Recorded data:
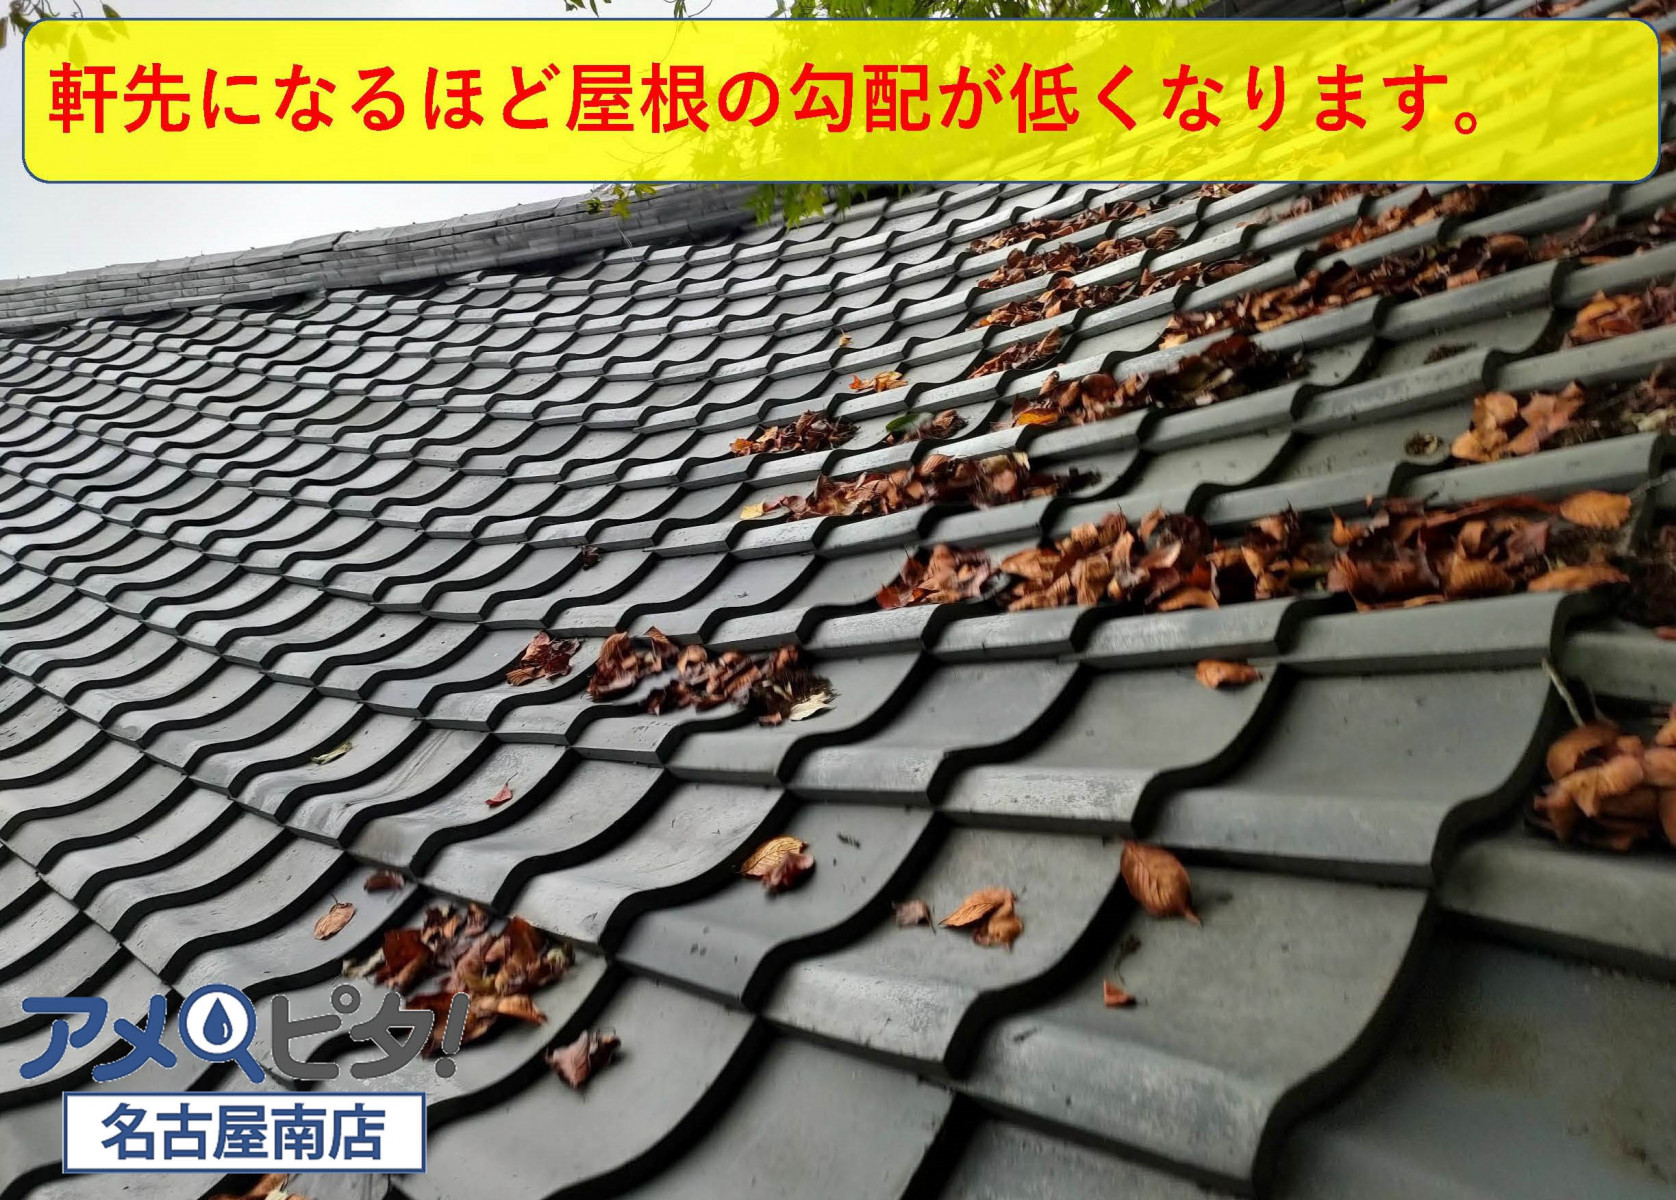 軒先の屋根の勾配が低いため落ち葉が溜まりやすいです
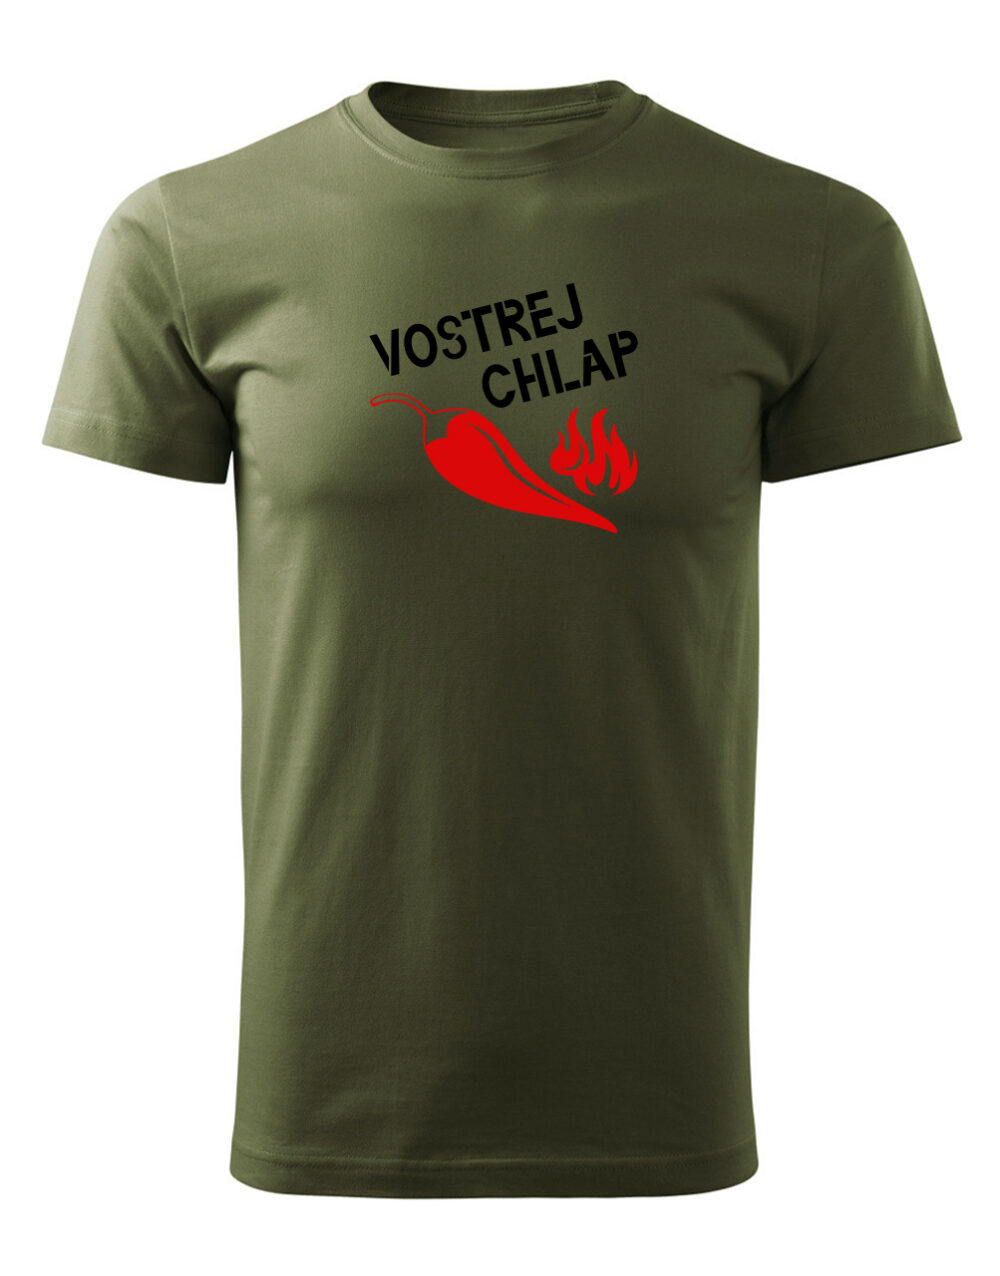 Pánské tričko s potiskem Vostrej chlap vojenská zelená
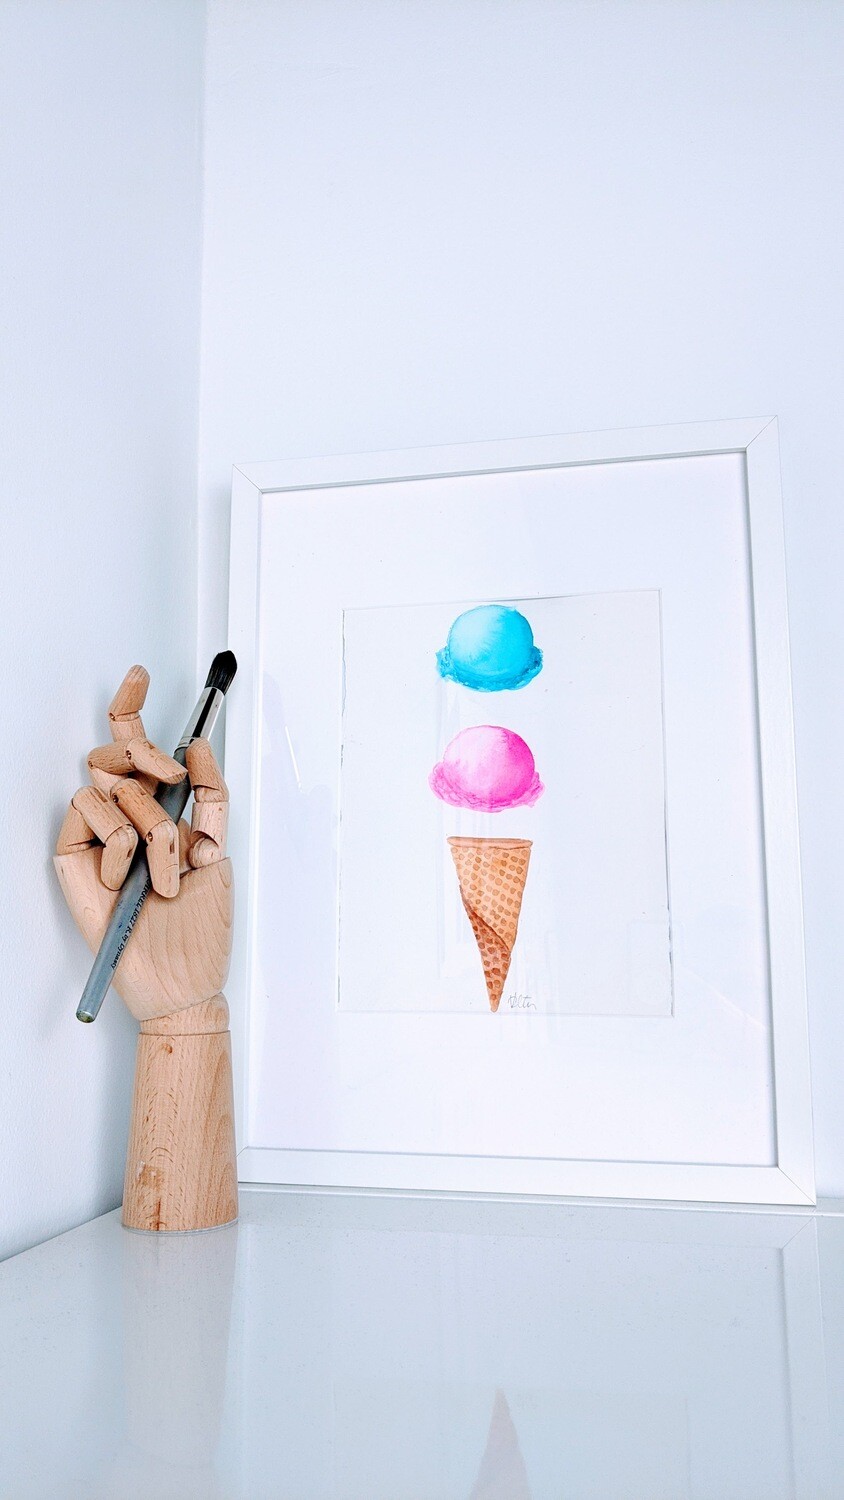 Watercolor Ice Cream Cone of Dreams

Instructions to follow:
Set down exactly, from the line that contains "Pánské tričko s" through the last line of the data, each line as it stands, and leave the pictures out.

Task response:
 Pánské tričko s potiskem Vostrej chlap vojenská zelená
 Watercolor Ice Cream Cone of Dreams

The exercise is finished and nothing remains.